Looks a very sensible overall strategy to me.

Am I right in thinking that #4893 would address the acute problem in the meantime?

imagico · 2024-11-13T17:26:00Z

Am I right in thinking that #4893 would address the acute problem in the meantime?

That probably depends on what you identify as the acute problem.

But yes, sourcing the emoji font from archive.org is probably a reasonably stable solution. #4893 mainly needs a thorough review.

imagico · 2025-01-16T20:57:06Z

I turned the suggestions into a todo list and marked those implemented by #5052.

Note apart from these principal ideas there is also still the concrete need to source the Noto fonts from an up-to-date source - see #4893.

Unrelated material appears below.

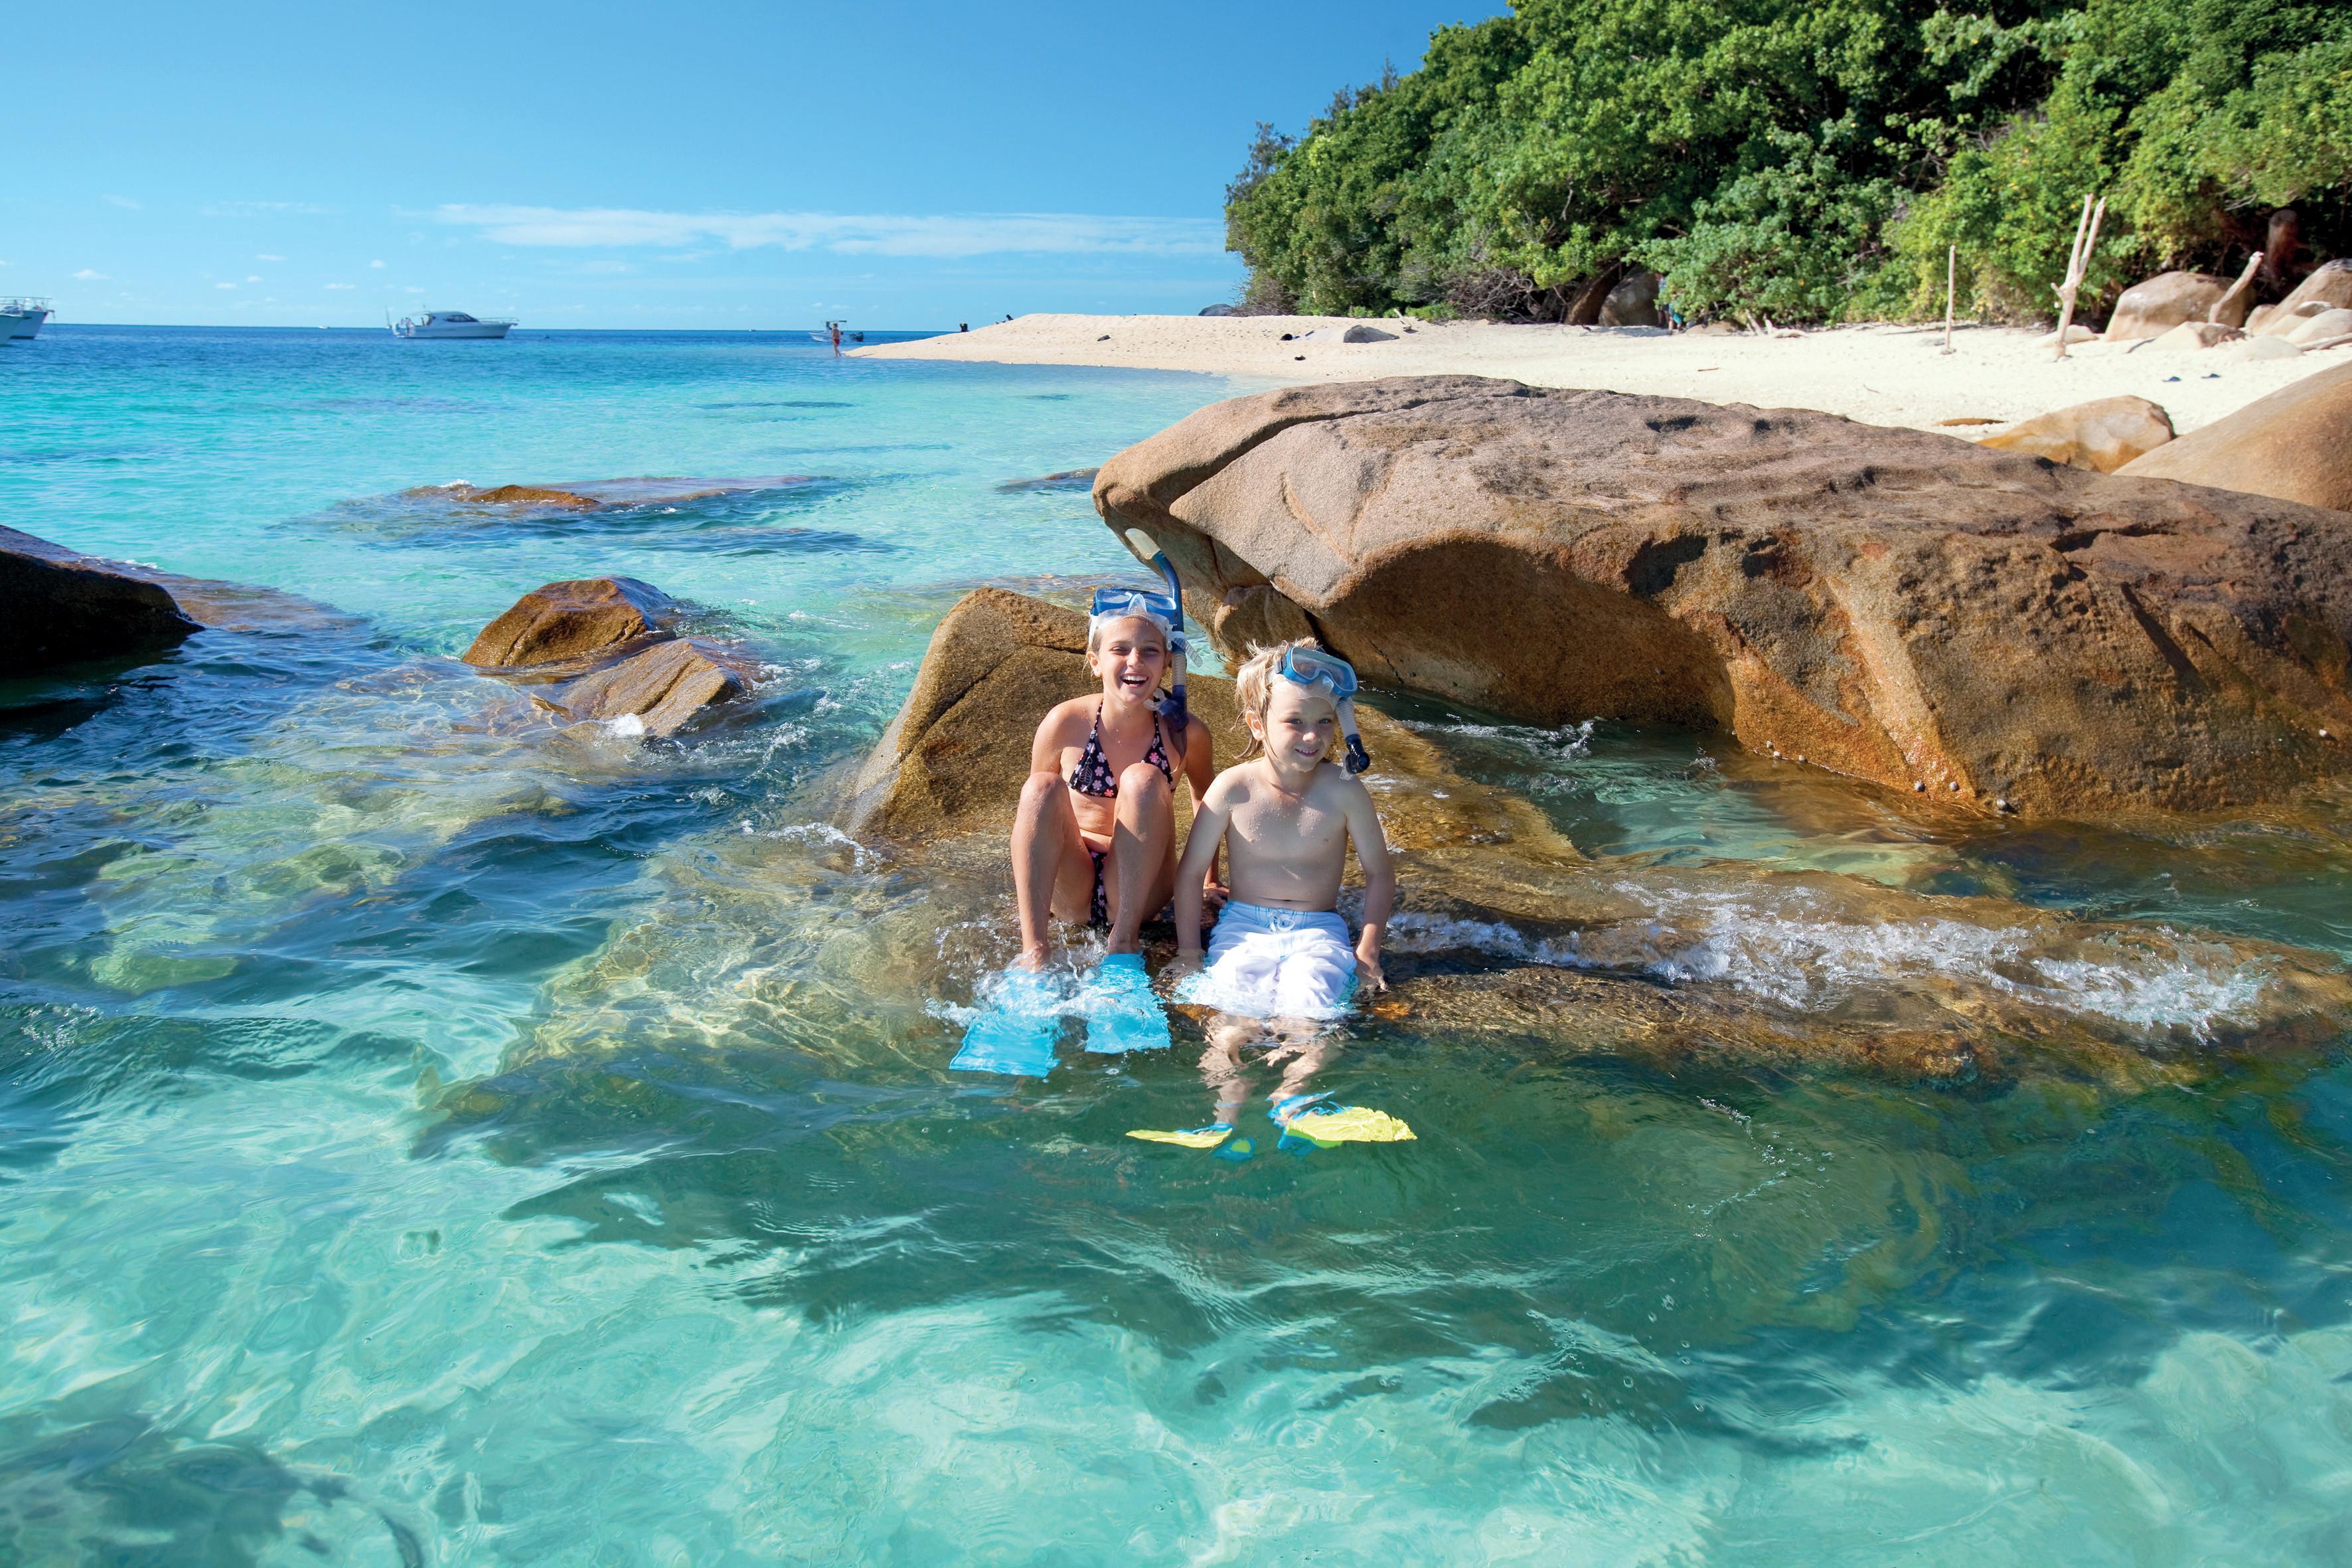 Family-friendly snorkelling fun

mapmeld · 2025-01-16T21:13:44Z

This is great! Glad that this is more achievable with the new Python script.

Here's where I'm at:

I may replace Use notofonts.github.io for newer font releases #4893 with a new PR tomorrow -- I'd like to demo support for the newer Noto download links, by fixing my original issue with Arabic like this: 40542b8b20d
I wrote an OSM diary post about reviewing Unicode block usage across Africa and Asia. It looks like we have great language/script coverage with the exception of Glagolitic in Croatian public art and general misuse (such as Ⰹ to represent public binoculars). So I was about to suggest adding Glagolitic. One comment from Croatia said this is very old and rare
The YAML change does seem more stable than having lists of fonts and lists of exceptions inside of the Python code. I'll have to think on that one

imagico · 2025-01-16T21:41:59Z

Probably should mention the other strategic issue w.r.t. fonts we have - the need to choose fonts based on language because different character designs being mandated by different languages despite using the same unicode code points - see #2208. This is not directly related to the topics here - but relevant regarding the question if our text rendering sufficiently covers all writings used in OSM world wide.

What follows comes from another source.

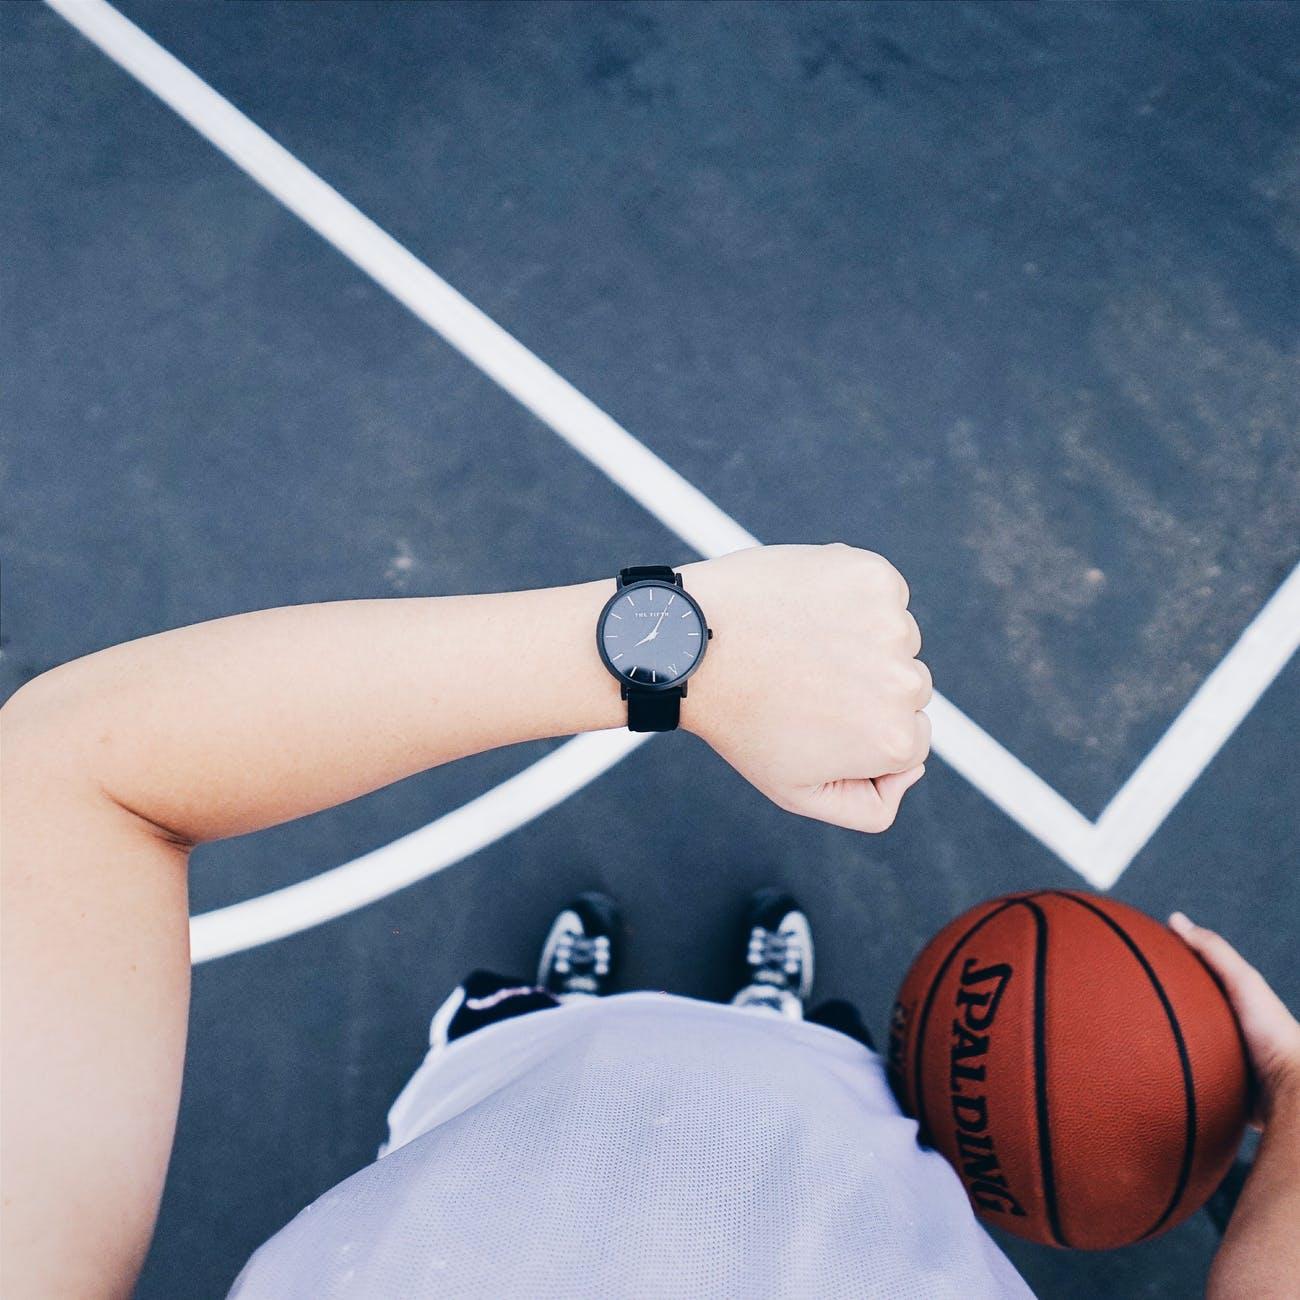 sportsmand med ur og basketball

mapmeld · 2025-01-25T18:55:44Z

I did a mini investigation of #2208. The difficulty is finding CartoCSS which could identify a country, city names within a country, or interpret from text, because CartoCSS doesn't have spatial filters.

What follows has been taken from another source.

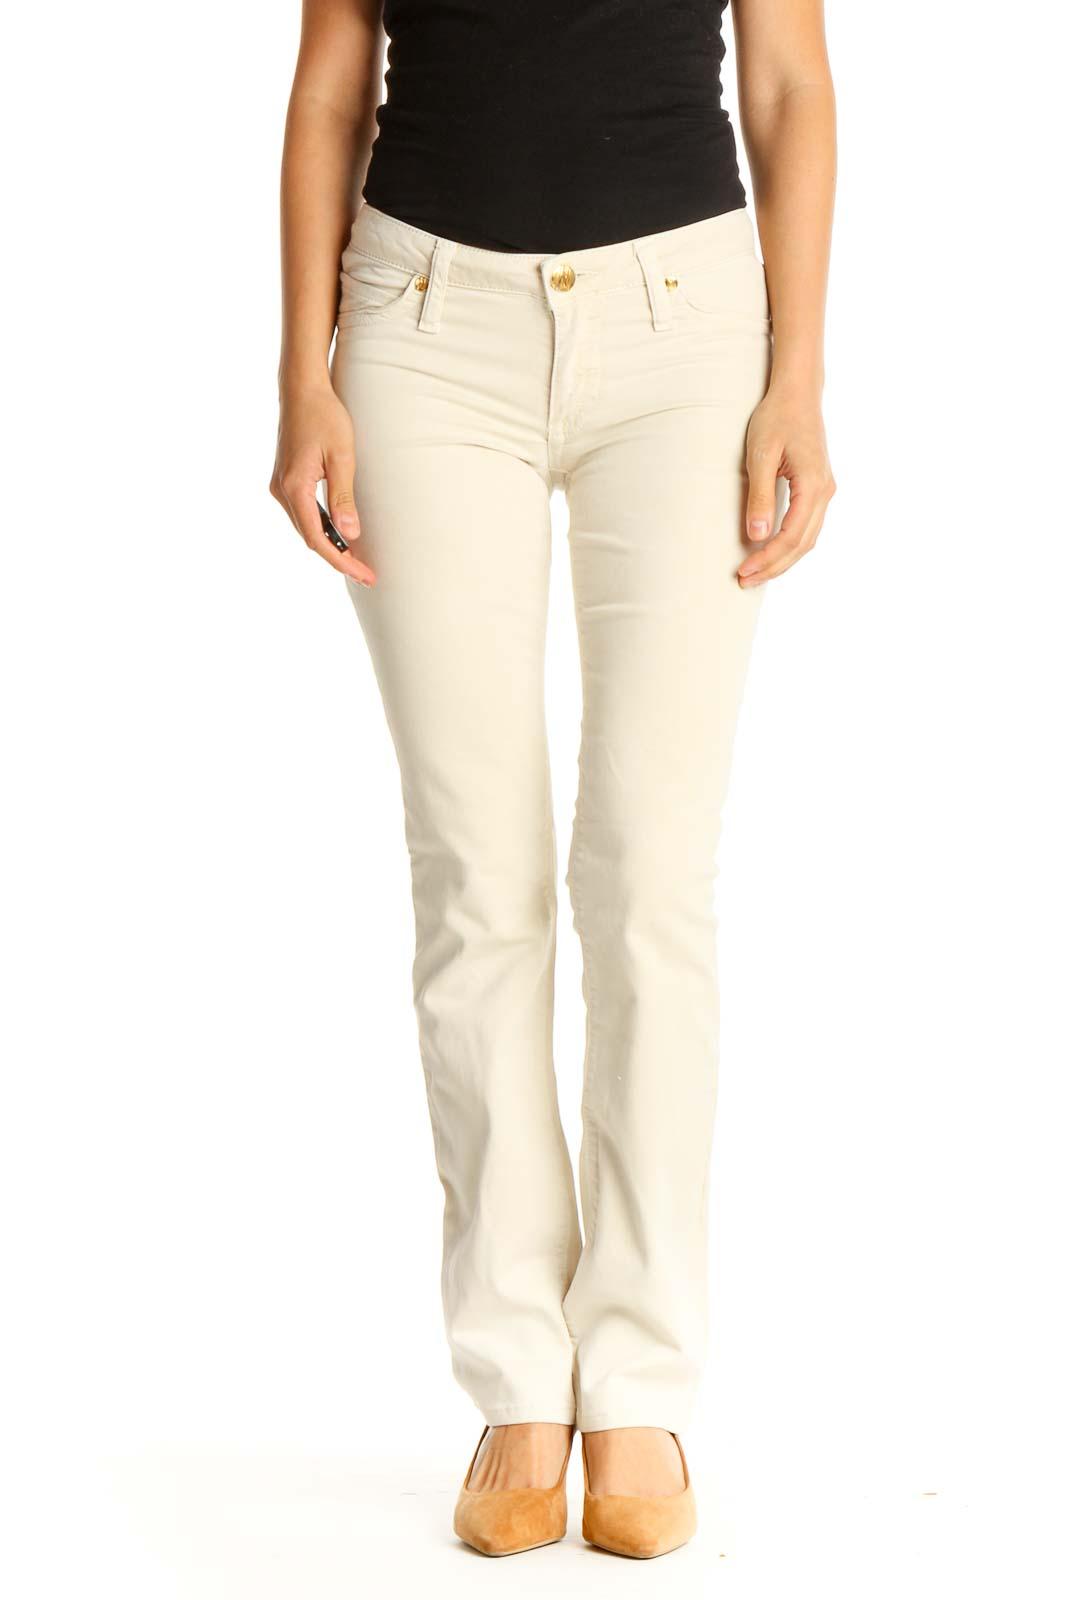 Beige All Day Wear Pants Front

I'd encourage exploring spatial filters because even a simple bounding box could incrementally improve OSM over a large area.
Taiwanese cities and towns have is_in:zh tags which have been there for >10 years. The value always starts with 台灣. I was having difficulty running Kosmtik. The filter we want is something like [is_in:zh >= '台灣'][is_in:zh <= '台灣鿿'] { ... } but I didn't remember or land on the correct syntax.
If we had access to WikiData beyond the ID, for example https://www.wikidata.org/wiki/Q167061 has a property located in the administrative territorial entity linking it to Hong Kong. Without tagging every place on OSM, maybe a script could update the local Postgres database or generate a very long CartoCSS filter [wikidata=_], [wikidata=_], .... There doesn't seem to be any grouping or prefixing where the ID alone tells us it's in HK.
If the default CJK font for placenames were changed, we could identify Japanese cities by hiragana, katakana, or wikipedia=ja:__ tags, but this would be detrimental to neighborhoods and other smaller locations

mapmeld · 2025-01-27T04:20:19Z

Re: the YAML for fonts, are you picturing a schema like this?

fonts:
  NotoSans:
    regular:
      - https://github.com/notofonts/noto-fonts/raw/main/hinted/ttf/NotoSans/NotoSans-Regular.ttf
      - [theoretical backup url]
    bold:
      - https://github.com/notofonts/noto-fonts/raw/main/hinted/ttf/NotoSans/NotoSans-Bold.ttf
    italic:
      - https://github.com/notofonts/noto-fonts/raw/main/hinted/ttf/NotoSans/NotoSans-Italic.ttf
  NotoSansMyanmarUI:
    regular:
      - https://github.com/notofonts/noto-fonts/raw/main/hinted/ttf/NotoSansMyanmarUI/NotoSansMyanmarUI-Regular.ttf

or more like the CartoCSS

book-fonts:
  NotoSans-Regular:
  - https://github.com/notofonts/noto-fonts/raw/main/hinted/ttf/NotoSans/NotoSans-Regular.ttf
  - [theoretical backup url]
  NotoSansMyanmarUI-Regular:
  - [url]
bold-fonts:
  NotoSans-Bold:
  - [...]

imagico · 2025-01-27T10:50:21Z

The ease of maintenance should be the primary concern here. The main maintenance tasks that need to be considered are probably:

adding new fonts to use
removing fonts no more to be used
changing the order of priority of fonts
changing download sources of (potentially a larger number of) fonts
changing the naming of fonts

In terms of future feature additions there is in particular the potential need to

differentiate the font list based on language of labels

With all of that in mind i have doubts that having one big tree structure in the YAML file is the best approach. But this is just a gut feeling, i have not thought it through. I'd probably start with the data structures you have so far in python and think how this can be improved to be more maintenance friendly.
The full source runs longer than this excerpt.